Do the same later in live mode with a separate URL pointing at the production container, and a separate signing secret.

2. Bunny Magic Containers

Provision a second container (or separate app) for beta. The two only differ in env:

Variable	Production	Beta
`DEPLOY_ENV`	`production`	`beta`
`BUNNY_USER_DATABASE_URL`	`lernlaterne-user` URL	`beta-user` URL
`BUNNY_USER_DATABASE_AUTH_TOKEN`	live token	beta token
`BUNNY_DATA_DATABASE_URL`	`lernlaterne-data` URL	`beta-data` URL
`BUNNY_DATA_DATABASE_AUTH_TOKEN`	live token	beta token
`STRIPE_SECRET_KEY`	`sk_live_…`	`sk_test_…`
`STRIPE_PUBLISHABLE_KEY`	`pk_live_…`	`pk_test_…`
`STRIPE_WEBHOOK_SECRET`	prod endpoint secret	beta endpoint secret
`STRIPE_PRICE_*`	live price ids	test price ids
`STRIPE_PAYMENT_LINK_*`	live links (optional)	test links
`CORS_ORIGINS`	`https://www.lernlaterne.de`	`https://beta.lernlaterne.de`
`WEBSITE_ORIGIN`	`https://www.lernlaterne.de`	`https://beta.lernlaterne.de`
`API_TEST_PAGE`	`0` (default)	`1` (enables `/info`)
`INTERNAL_API_SECRET`	prod secret	distinct beta secret
`MAIL_LOG_ONLY`	unset	`1` recommended (don't email real users from beta)

Set the GitHub Actions repo variables BETA_APP_ID and (optionally) BETA_CONTAINER_NAME so docker-ghcr-bunny.yml deploys the same image to both containers.

3. End-to-end test (local + beta)

Local (Stripe CLI forwards test webhooks to your dev API):

bun run dev:bunny                                  # API on beta DBs
stripe listen --forward-to localhost:8003/webhooks/stripe
# (set STRIPE_WEBHOOK_SECRET to the value `stripe listen` prints)

# In another shell, simulate a checkout:
stripe trigger checkout.session.completed

Beta:

Open Stripe test-mode Payment Link from /info on the beta API host
Pay with 4242 4242 4242 4242
Confirm POST /webhooks/stripe got 200 in Stripe Dashboard → Webhook

delivery log

GET /v1/admin/stripe-events on the beta API (with admin auth) should

show the event with status: "ok" and a message like minted invitation INV_… for solo/1m

Open the signup link in the email (or the URL printed in beta logs) and

complete signup

GET /v1/me/account should show subscription.plan: "solo",

subscription.stripeCustomerId: "cus_…"

Renewals & cancellations: use Stripe test clocks (or the Dashboard's "Cancel" button on the subscription) to drive customer.subscription.updated and .deleted. The webhook calls applySubscriptionTransition which both flips role/plan on the user and clears subscription_period_* for cancel.

4. Backups + rollback

Backups: seed:bunny wipes the beta DBs (refuses unless URLs contain

beta-user and beta-data). Snapshot/export beta-user + beta-data via the Bunny Dashboard before any seed run once you have meaningful test data.

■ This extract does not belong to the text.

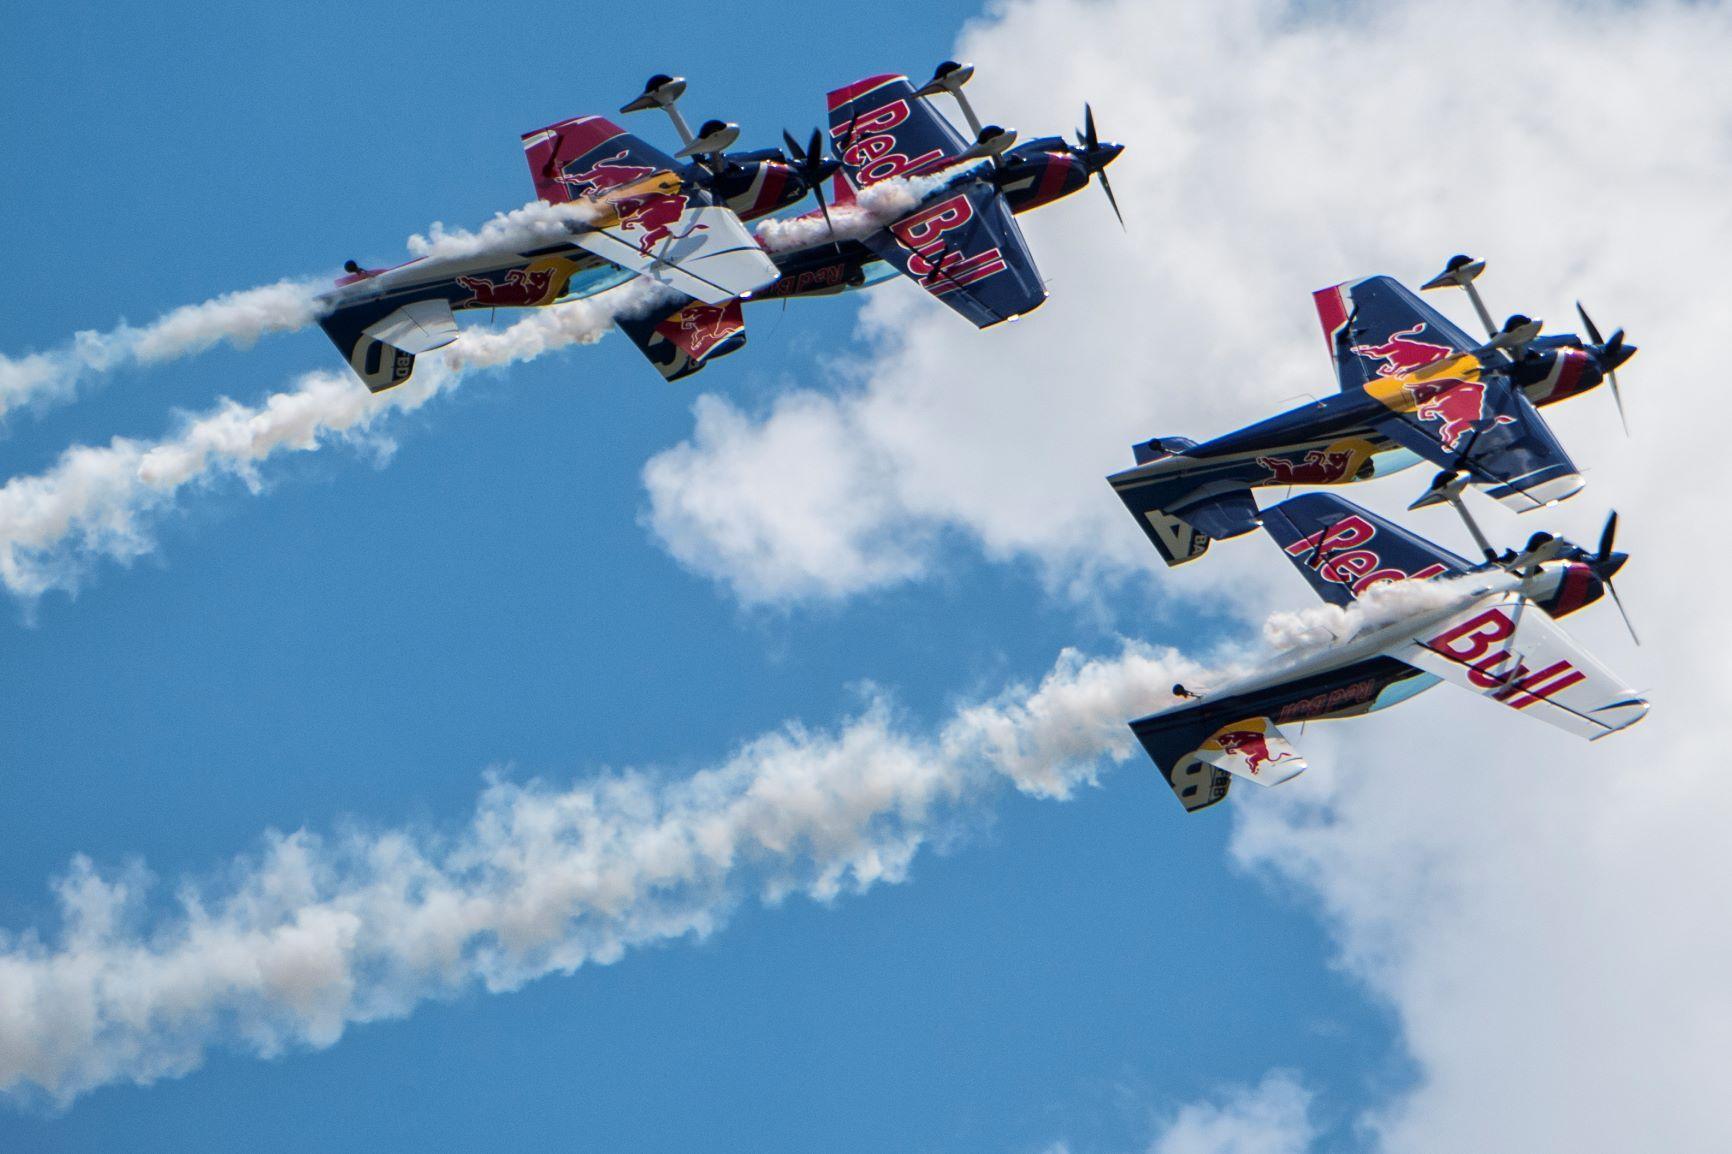 red_bull_air_race_flying_bulls_1.jpg

Rollback: GHCR keeps :${{ github.sha }} tags. To revert a bad deploy

re-run BunnyWay/actions/container-update-image with a previous SHA — no rebuild required.

5. Observability

GET /health returns { ok, deployEnv, stripe: { secretConfigured, webhookSecretConfigured, catalogReady } }.

Quick proof a host is on the right config.

GET /v1/admin/stripe-events?limit=50 lists recent webhook events with

status (ok / ignored / error / duplicate), userId if matched, and a free-form message for diagnosis.